* _Available data_

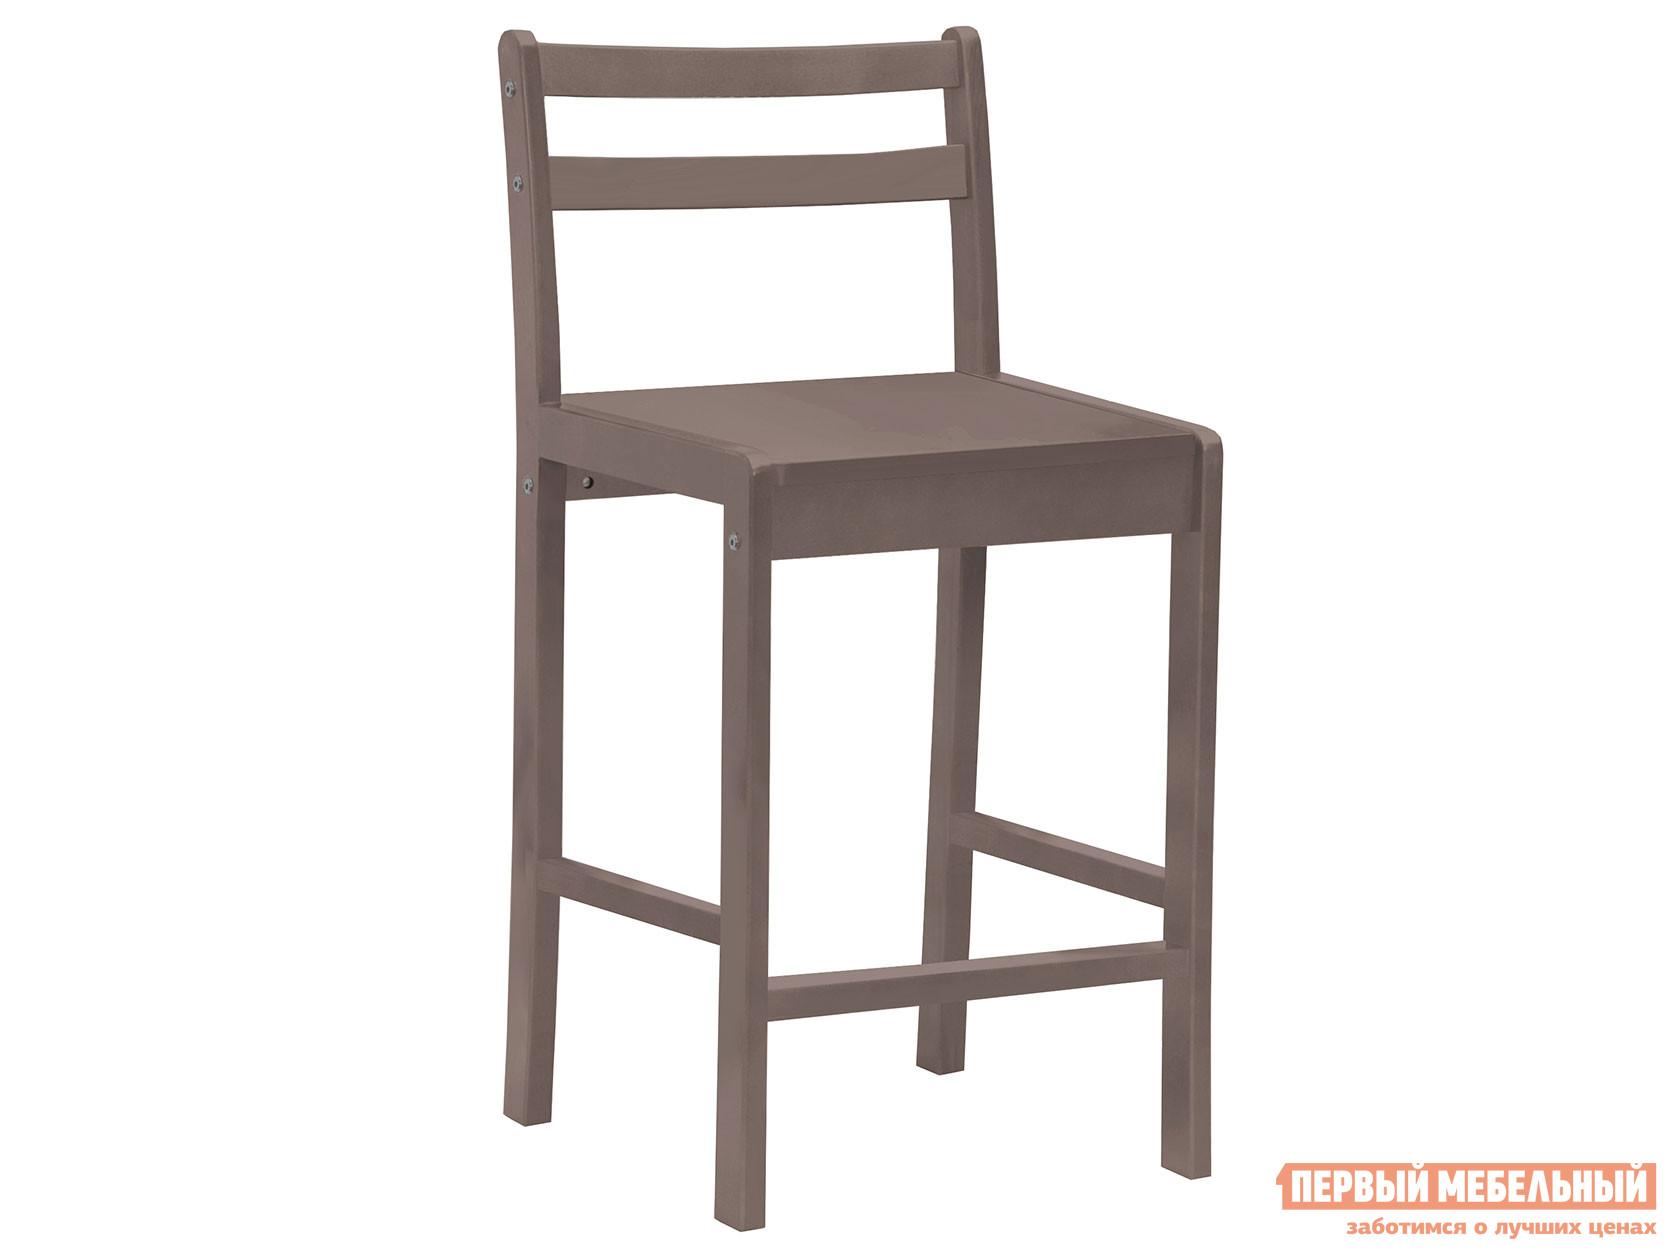 Барный стул  Стул Барный Капучино — Стул Барный Капучино
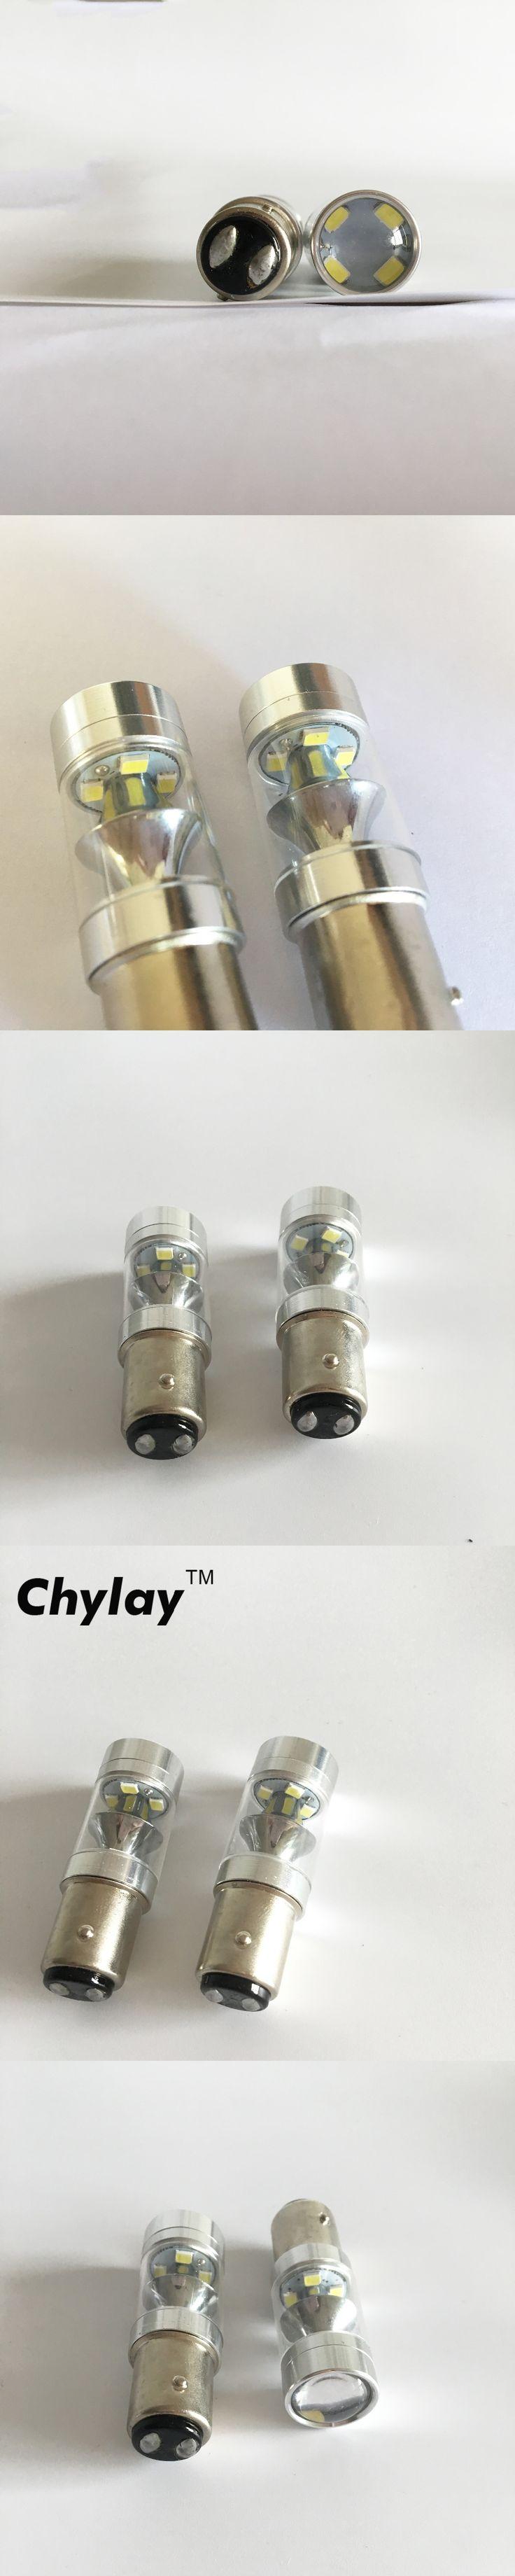 2x  1157 100W LED 360-Degree Car Brake light Backup  Light bulb White DC 12V-24V
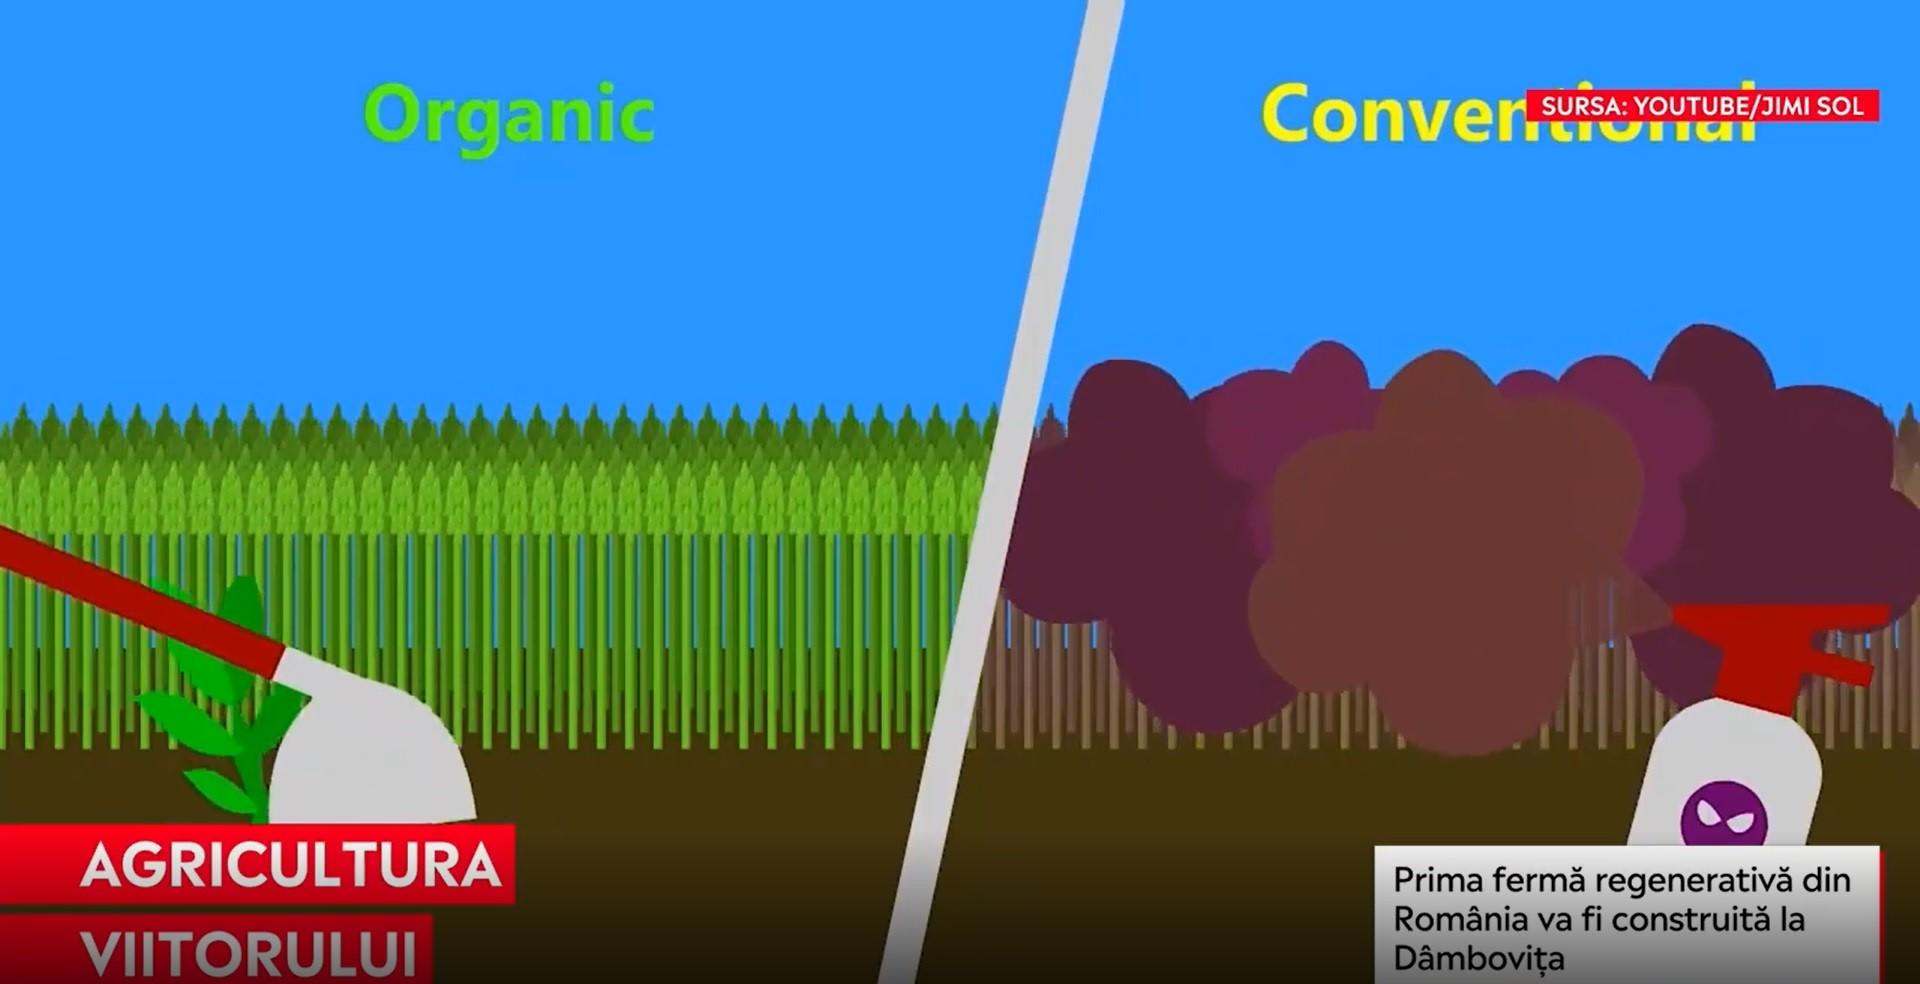 Prima fermă regenerativă din România va fi construită la Dâmbovița. Stagii de practică pentru noua agricultură
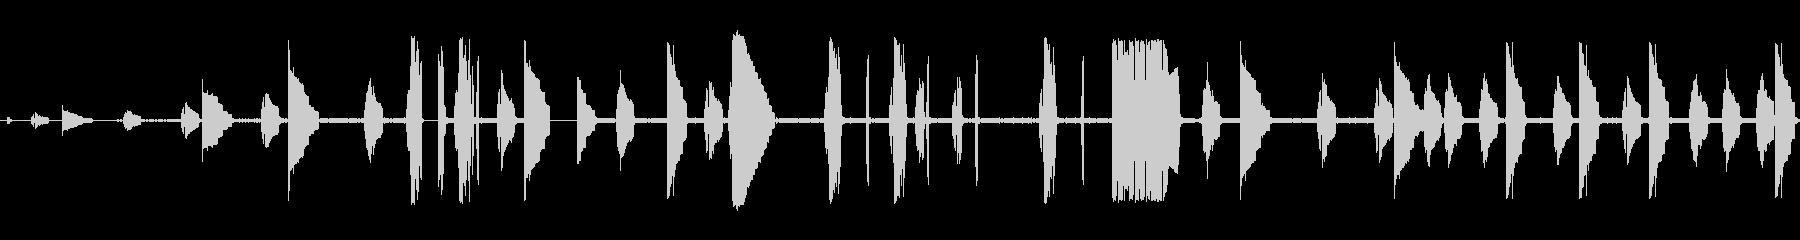 トーンビープ音歪んだビデオゲームの未再生の波形
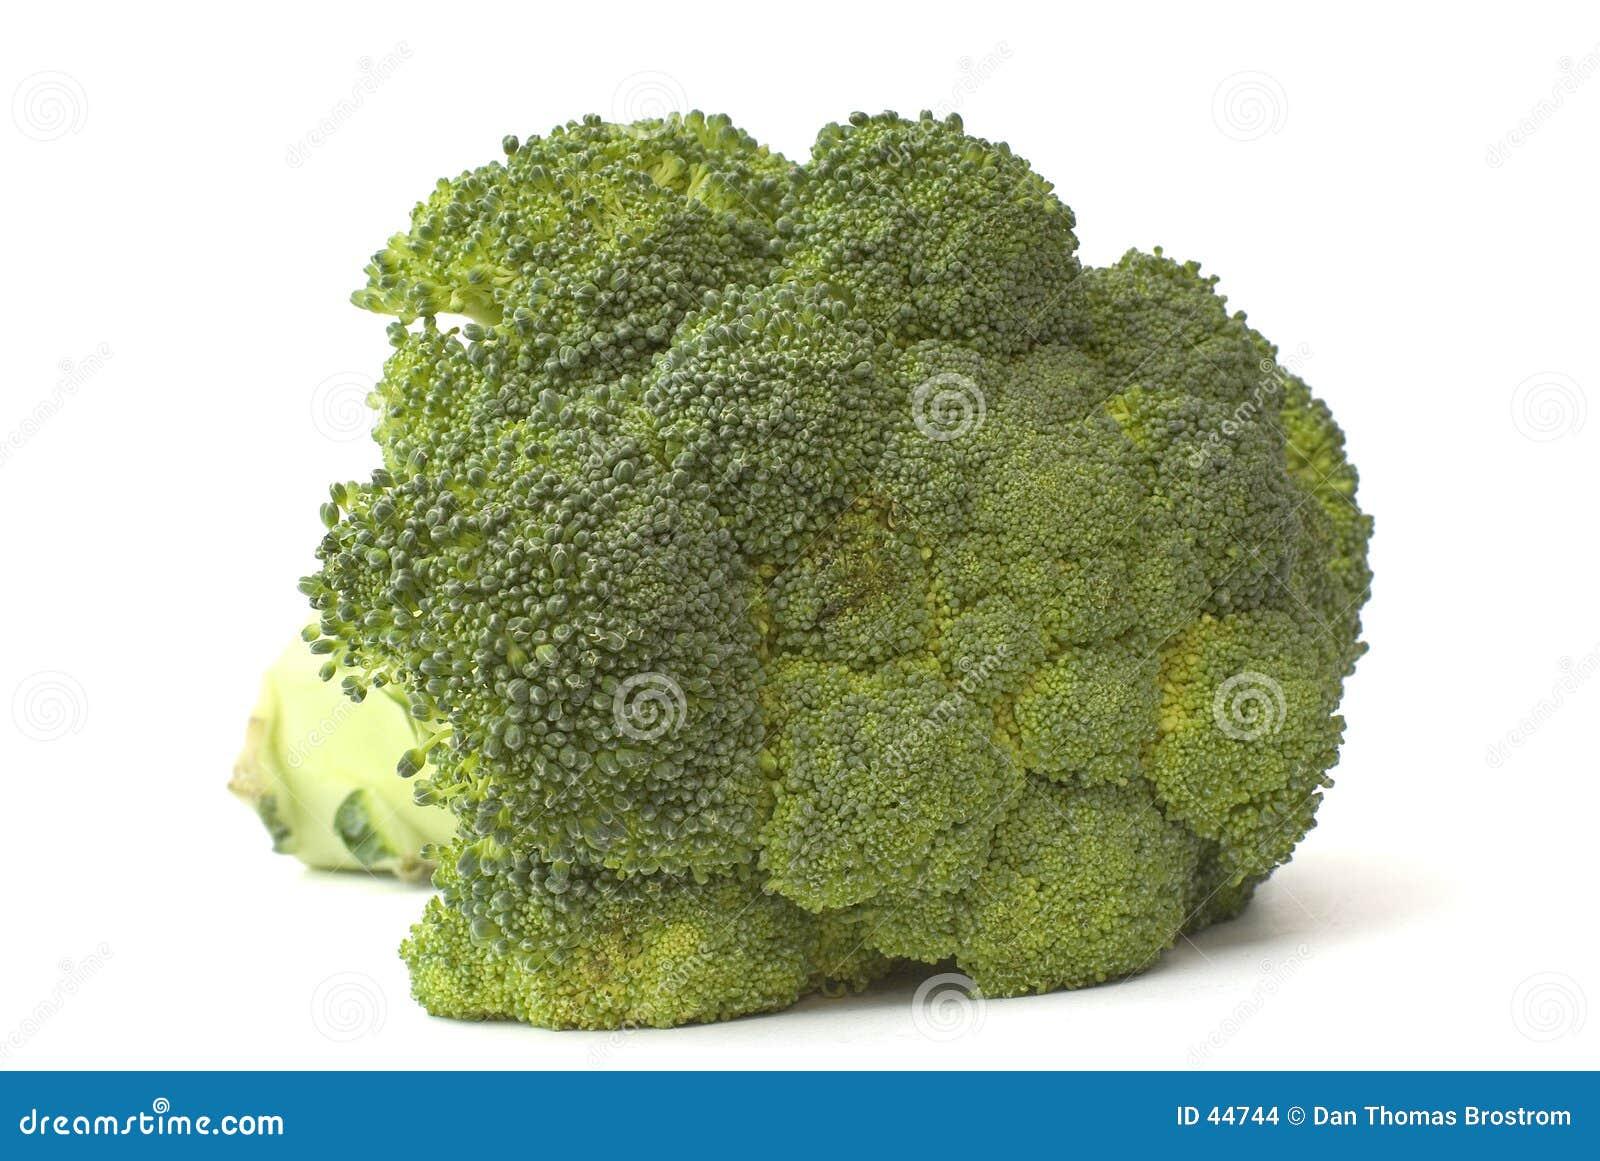 Download Broccoli stock foto. Afbeelding bestaande uit landbouw, geïsoleerd - 44744

* _Task goal_
Copy all the material exactly; omit images.

* _Answer section_
 Барный стул  Стул Барный Капучино — Стул Барный Капучино
 2x  1157 100W LED 360-Degree Car Brake light Backup  Light bulb White DC 12V-24V
 Prima fermă regenerativă din România va fi construită la Dâmbovița. Stagii de practică pentru noua agricultură
 トーンビープ音歪んだビデオゲームの未再生の波形
 Download Broccoli stock foto. Afbeelding bestaande uit landbouw, geïsoleerd - 44744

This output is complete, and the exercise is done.